Without unpacking she undressed, washed her hands, swallowed her malaria pill, applied some medicated cream on her raw face and crawled inside the net. Jerry was splashing in the bathroom. She was asleep the second her head hit the pillow.

‌
3

U
te woke up feeling drugged. Jerry wasn't there. It was semi-dark in the cabin, and Ute couldn't tell what time of day or night it was. She looked at her watch: eleven o'clock. She'd slept for almost twelve hours, a freak event for someone who normally didn't need more than six. And she'd had a bad dream – another freak event. She hardly ever had any dreams. Jerry said it wasn't normal to have so few. He said she must be repressing them.

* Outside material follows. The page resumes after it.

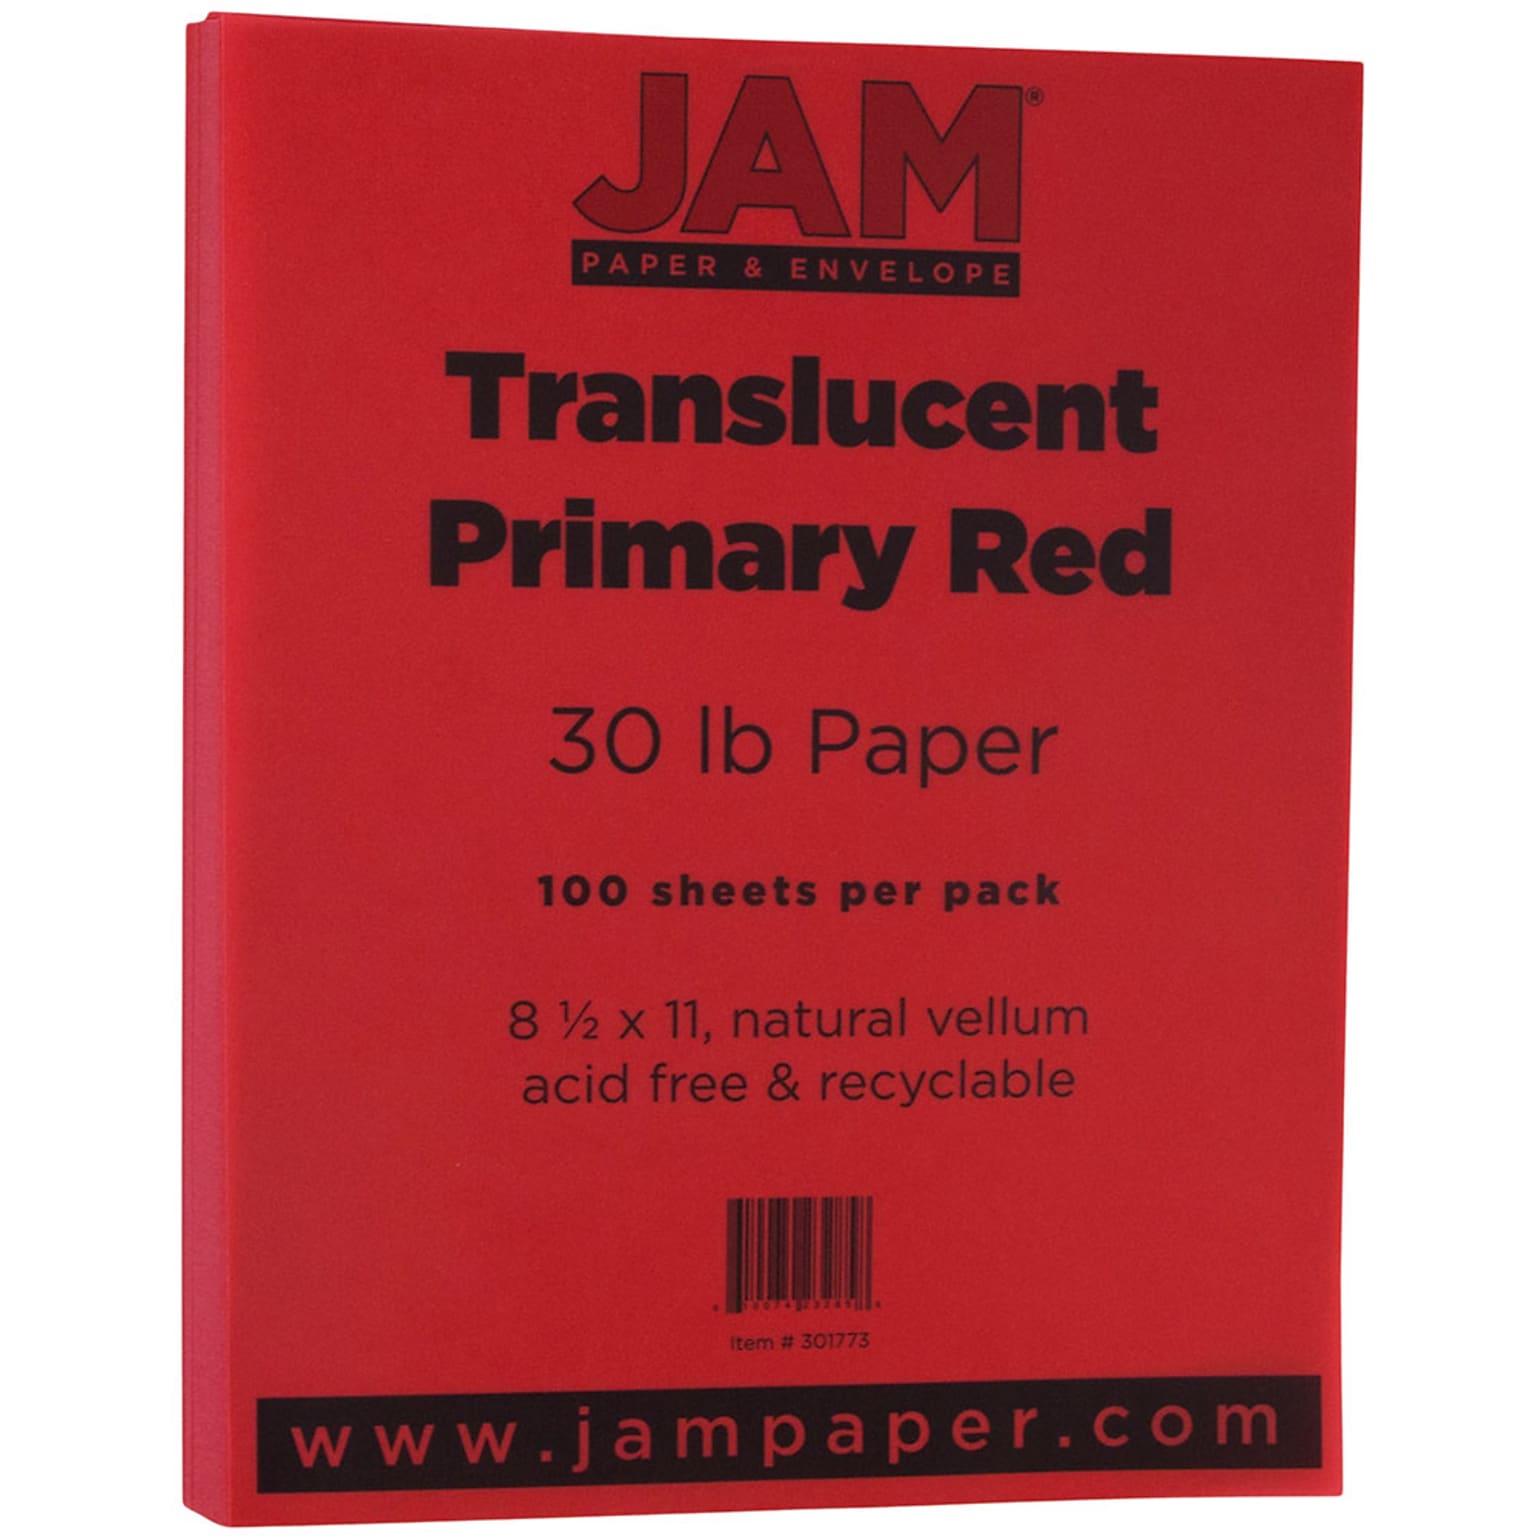 JAM Paper Translucent Vellum Colored Paper, 30 lbs., 8.5 x 11, Primary Red, 100 Sheets/Pack (301773)

This time, she had dreamt of her mother. Except her mother was a child in an oversized military coat. She was in a petrified forest where the trees were twisted, unfriendly shapes. Ute was observing her from above, but somehow, in that horrible way only possible in dreams, she also
was
the child. She crunched for ages among the dry branches, lost. There was no path. Ute knew this was a dangerous forest. She wanted to protect the little girl in the military coat from whatever was lurking in this dead forest. She could hear the child's breathing and the child's beating heart like a wounded bird inside her own chest. The dry branches scratched her face and reached for her eyes, her mouth, her nostrils. Somewhere far ahead, she could hear the sea.

Ute sprang out of bed angrily and put her aching head and stiff body under the dribbly shower. How absurd – to come all the way to a godforsaken coastal retreat in South America, and then dream of her mother in 1945.

The water was lukewarm and a sign said in English: “
Care about the water. There are not many left in the world's
.” She smiled and just then she caught a glance of her face in the shell-encrusted bathroom mirror. She instantly wished she hadn't. Her face was ablaze with a fresh flowering of eczema. It must have flared up on the long bus ride here. Sometimes it happened overnight.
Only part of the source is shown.